此外,compose 图中 parent 和 sub-graph 的 task manager 共享 cancel channel——若 sub-graph 先消费了 cancel 值,parent 会丢失 FromGraphInterrupt=true

解决方案

WithCancel option 替代 CancellableAgent 接口

取消现在是 AgentRunOption 而非独立接口:

cancelOpt, agentCancelFunc := WithCancel()
iter, err := agent.Run(ctx, input, cancelOpt)
// 之后:
agentCancelFunc(CancelAfterChatModel)

cancelContext 状态机跟踪执行状态:

Running → Cancelling → CancelHandled  (取消路径)
Running → Done                         (正常完成)

外层 flowAgent 拥有取消生命周期。内层 agent 通过 Go context 访问 cancelContextgetCancelContext(ctx))——filterCancelOption 从嵌套调用中剥离 cancel option 以防止双重持有。此方案完全替代了 cancel_wrapper.go

将取消扩展到所有复合 agent

三个 bug 阻止了取消在复合 agent 中工作:

  1. flowAgentworkflowAgent 路径立即调用 markDone(),导致 AgentCancelFunc 在工作流完成前就返回 ErrExecutionCompleted
  2. 第一个子 agent 的 flowAgent 包装在完成时调用 markDone(),过早关闭后续子 agent 的 doneChan
  3. 并行子 agent 各自覆写单一 graphInterruptFunc,导致取消仅中断最后一个分支。

修复:仅最外层 flowAgent 拥有 markDone() 生命周期。内层 agent 通过 context 访问 cancelCtx 但不调用 markDone()。并行 agent 使用 interrupt 函数切片确保所有分支均被中断。

安全点语义:过渡边界对所有取消模式均安全

一个关键行为选择:工作流过渡边界(子 agent 之间 / loop iteration 之间 / transfer 点 / parallel pre-spawn)对所有取消模式都是安全的,因为在边界处没有子 agent 工作正在进行。任何取消模式在过渡边界都会无条件触发——没有理由延迟取消。

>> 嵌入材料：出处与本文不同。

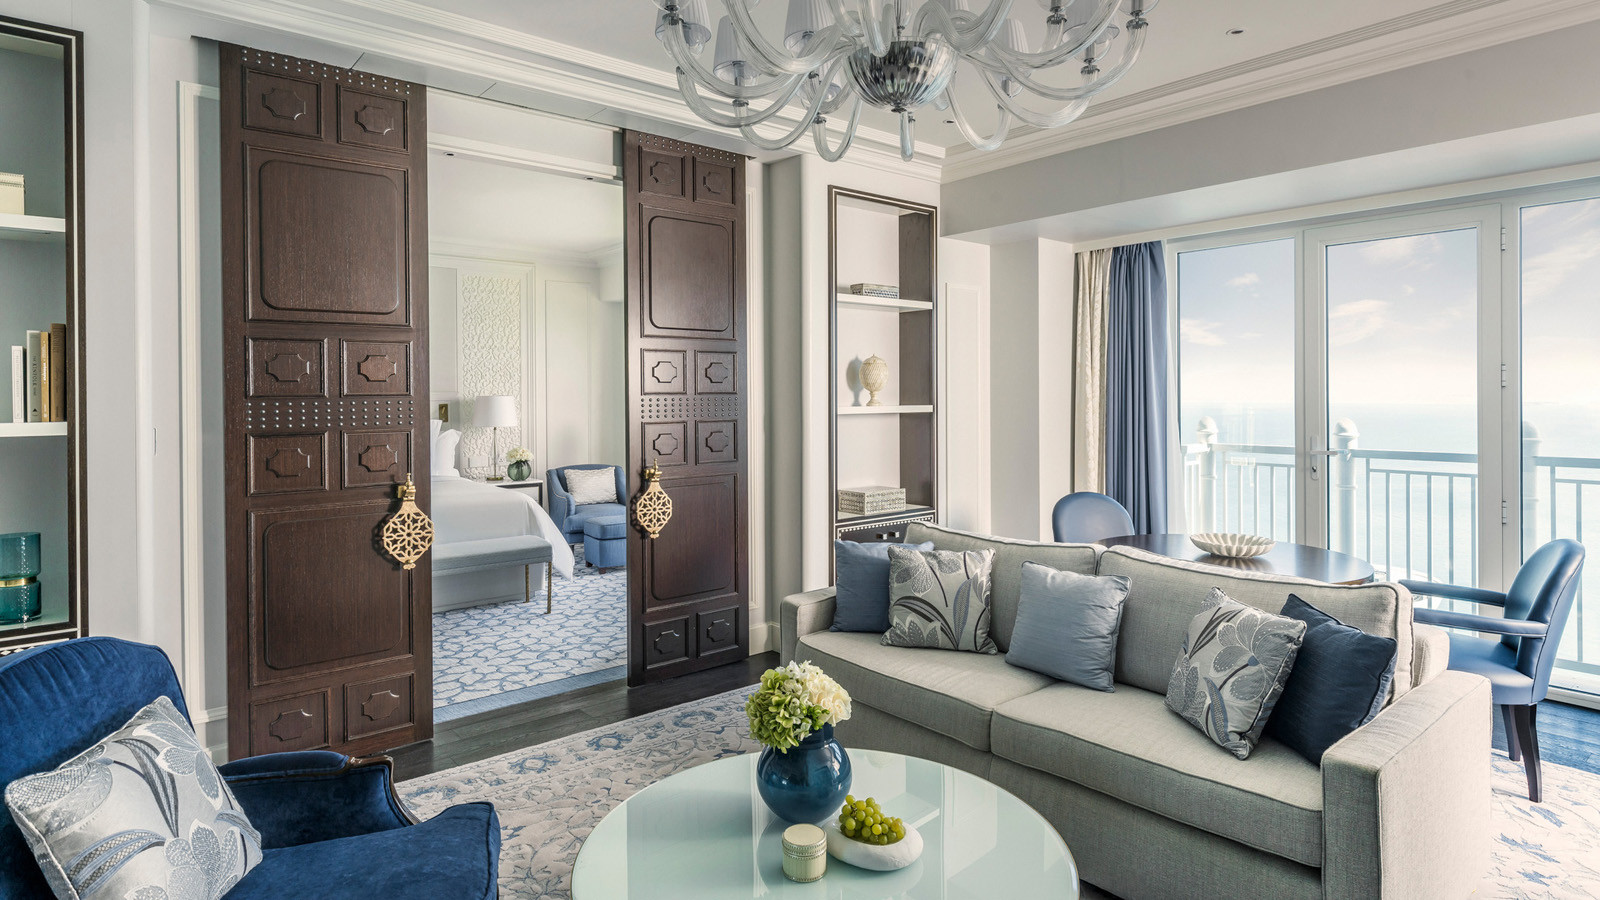 news-main-four-seasons-hotel-doha-unveils-complete-redesign-by-pierre-yves-rochon.1588159616.jpg

  • CancelAfterChatModelCancelAfterToolCalls 在边界处会被执行,因为没有模型或工具调用正在运行。
  • CancelImmediate 额外包含宽限期包装器(默认 1 秒),在强制中止前给子 agent 留出 checkpoint 时间。

工作流过渡边界的取消检查

sequential、loop 和 parallel 工作流现在会在每个过渡边界检查取消。由于边界处没有子 agent 工作正在进行,所有取消模式(包括 CancelAfterChatModelCancelAfterToolCalls)都会被执行——没有理由延迟取消。CancelImmediate 额外包含宽限期包装器(默认 1 秒),在强制中止前给子 agent 留出中断/checkpoint 时间。

安全点取消通过 compose.Interrupt

安全点取消现在发出携带 typed cancelSafePointInfocompose.Interrupt,而非 sentinel error。compose 自动保存 checkpoint 数据,支持安全点取消后通过 Runner.ResumeWithParams 恢复。Runner 检测 CancelError 并从 interrupt signal 填充 InterruptContexts

Eager Receive 模式

Agent 执行的事件现在被实时消费而非缓冲。react graph 在 ChatModel 之后添加了显式 CancelCheck lambda 节点用于确定性安全点处理。工具流被 cancelMonitoredToolHandler 包装——CancelImmediate 时流以 ErrStreamCancelled(注册了 gob 的具体 *StreamCancelledError 类型)终止,确保序列化后仍可识别。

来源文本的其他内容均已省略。